Why Standard CI/CD Breaks for ML
Web App Pipeline: ML Pipeline:
Code → Build → Test → Code → Build → Test →
Deploy → Monitor Train → Validate → Package →
Deploy → Monitor → Retrain
ML adds three challenges:
- Artifacts are large — models are 100MB-100GB, not 10MB Docker images
- Tests need data — you can't unit test a model without test datasets
- Rollbacks need both code AND model — deploying old code with new model (or vice versa) breaks things
The Pipeline Architecture
# .github/workflows/ml-pipeline.yml
name: ML Model Pipeline
on:
push:
paths:
- 'models/**'
- 'training/**'
- 'serving/**'
workflow_dispatch:
inputs:
retrain:
description: 'Force retraining'
type: boolean
default: false
jobs:
validate-data:
runs-on: ubuntu-latest
steps:
- uses: actions/checkout@v4
- name: Validate training data schema
run: |
python -m pytest tests/data/ -v \
--tb=short \
-k "test_schema or test_distribution"
- name: Check for data drift
run: |
python scripts/check_drift.py \
--reference data/reference_stats.json \
--current data/latest/ \
--threshold 0.05
train:
needs: validate-data
runs-on: [self-hosted, gpu]
steps:
- uses: actions/checkout@v4
- name: Train model
env:
MLFLOW_TRACKING_URI: ${{ secrets.MLFLOW_URI }}
WANDB_API_KEY: ${{ secrets.WANDB_KEY }}
run: |
python training/train.py \
--config configs/production.yaml \
--experiment-name "ci-${{ github.sha }}" \
--output-dir artifacts/
- name: Upload model artifact
uses: actions/upload-artifact@v4
with:
name: model-${{ github.sha }}
path: artifacts/
retention-days: 30
evaluate:
needs: train
runs-on: [self-hosted, gpu]
steps:
- uses: actions/checkout@v4
- name: Download model
uses: actions/download-artifact@v4
with:
name: model-${{ github.sha }}
path: artifacts/
- name: Run evaluation suite
run: |
python evaluation/evaluate.py \
--model artifacts/model.pt \
--test-data data/test/ \
--output evaluation_report.json
- name: Check quality gates
run: |
python scripts/check_gates.py \
--report evaluation_report.json \
--min-accuracy 0.92 \
--max-latency-p99 100 \
--max-model-size 500MB
Model Versioning That Works
Don't use Git LFS for models.
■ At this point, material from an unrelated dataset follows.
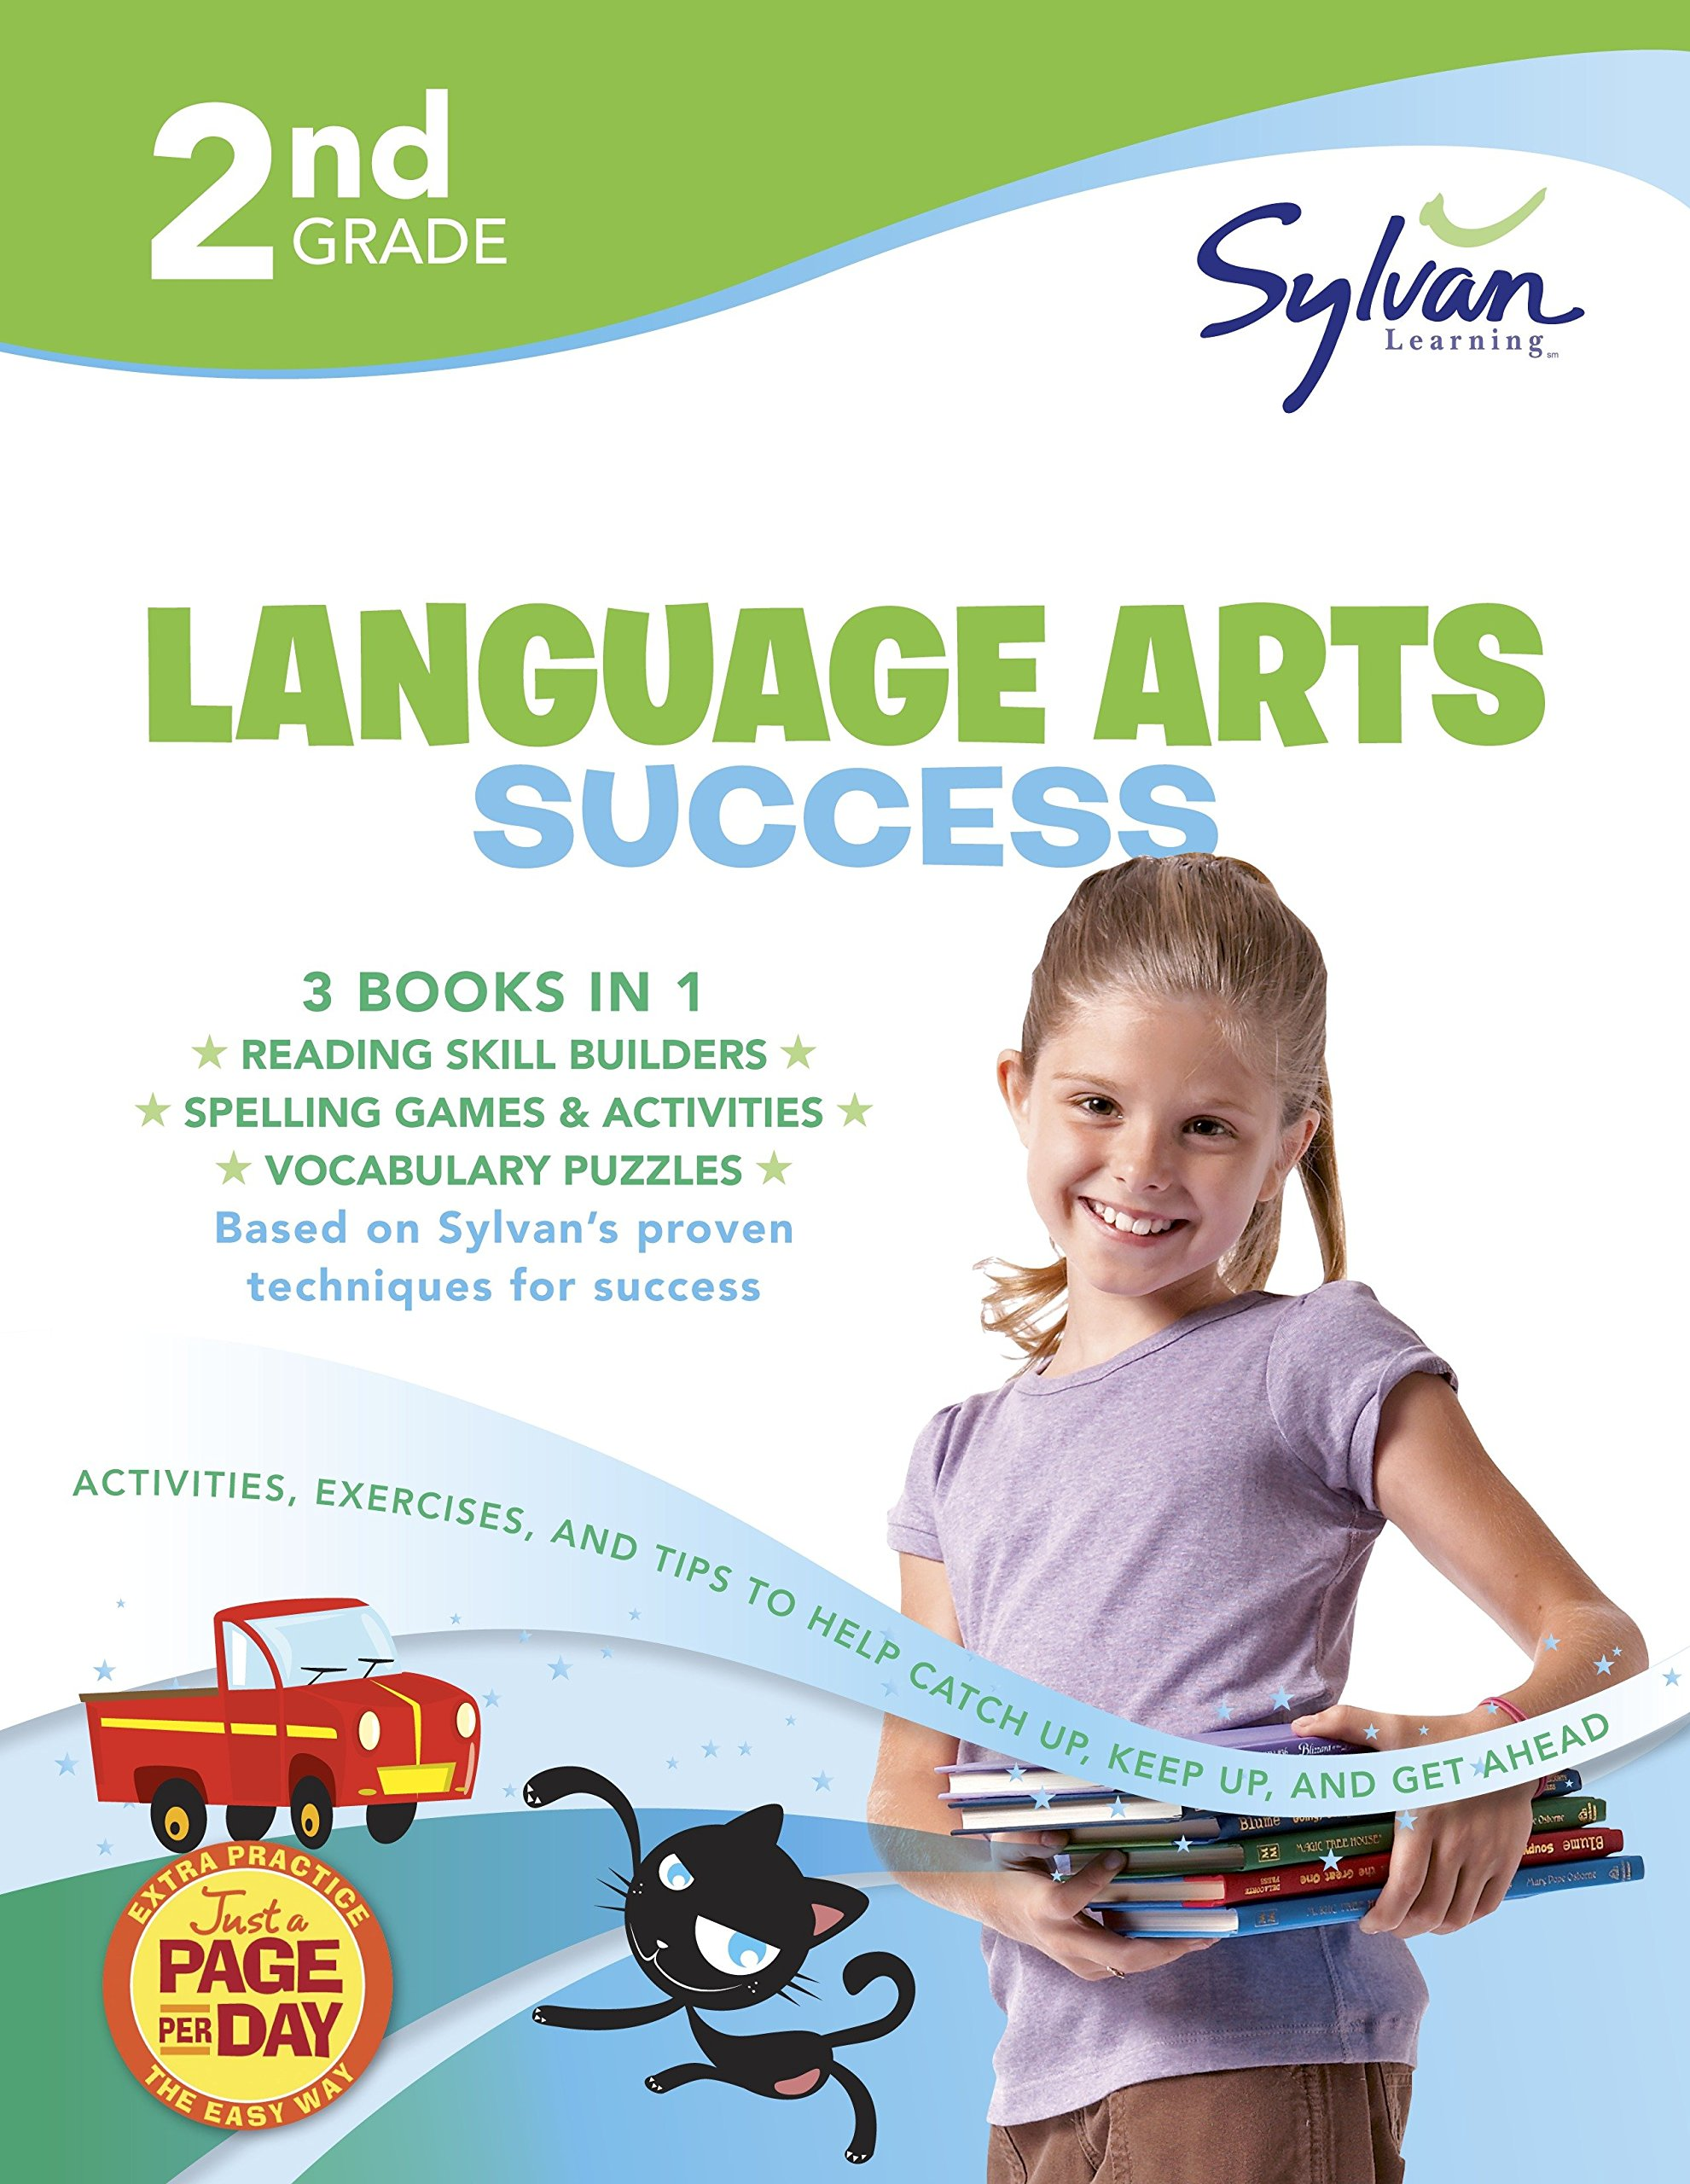 2nd Grade Language Arts Success product image
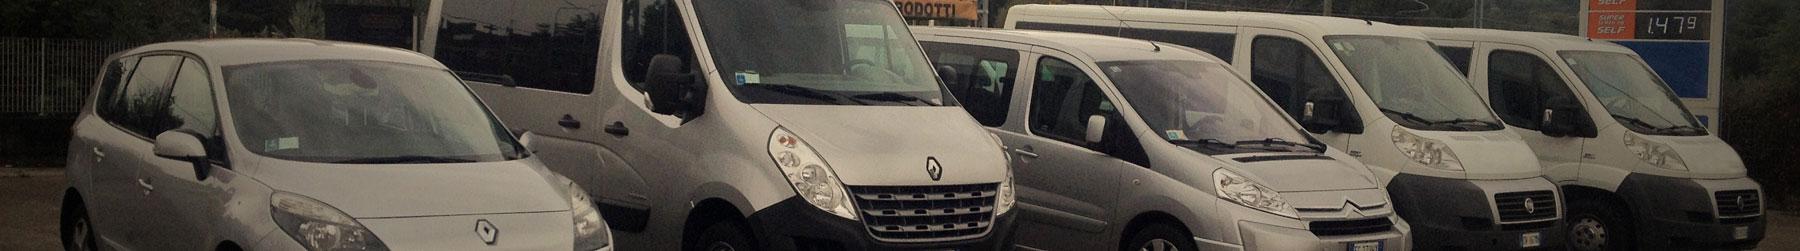 Flotta Piceno Car Sharing

Use a proper model registry.
# model_registry.py
import mlflow
from dataclasses import dataclass
from datetime import datetime
@dataclass
class ModelVersion:
name: str
version: int
stage: str # "staging" | "production" | "archived"
metrics: dict
git_sha: str
created_at: datetime
class ModelRegistry:
def __init__(self, tracking_uri: str):
mlflow.set_tracking_uri(tracking_uri)
def register(self, model_path: str, name: str,
metrics: dict, git_sha: str) -> ModelVersion:
"""Register a trained model with its metrics."""
with mlflow.start_run():
mlflow.log_metrics(metrics)
mlflow.log_param("git_sha", git_sha)
# Log model with signature for input validation
model_info = mlflow.pytorch.log_model(
pytorch_model=model_path,
artifact_path="model",
registered_model_name=name,
)
# Get the new version number
client = mlflow.MlflowClient()
versions = client.get_latest_versions(name)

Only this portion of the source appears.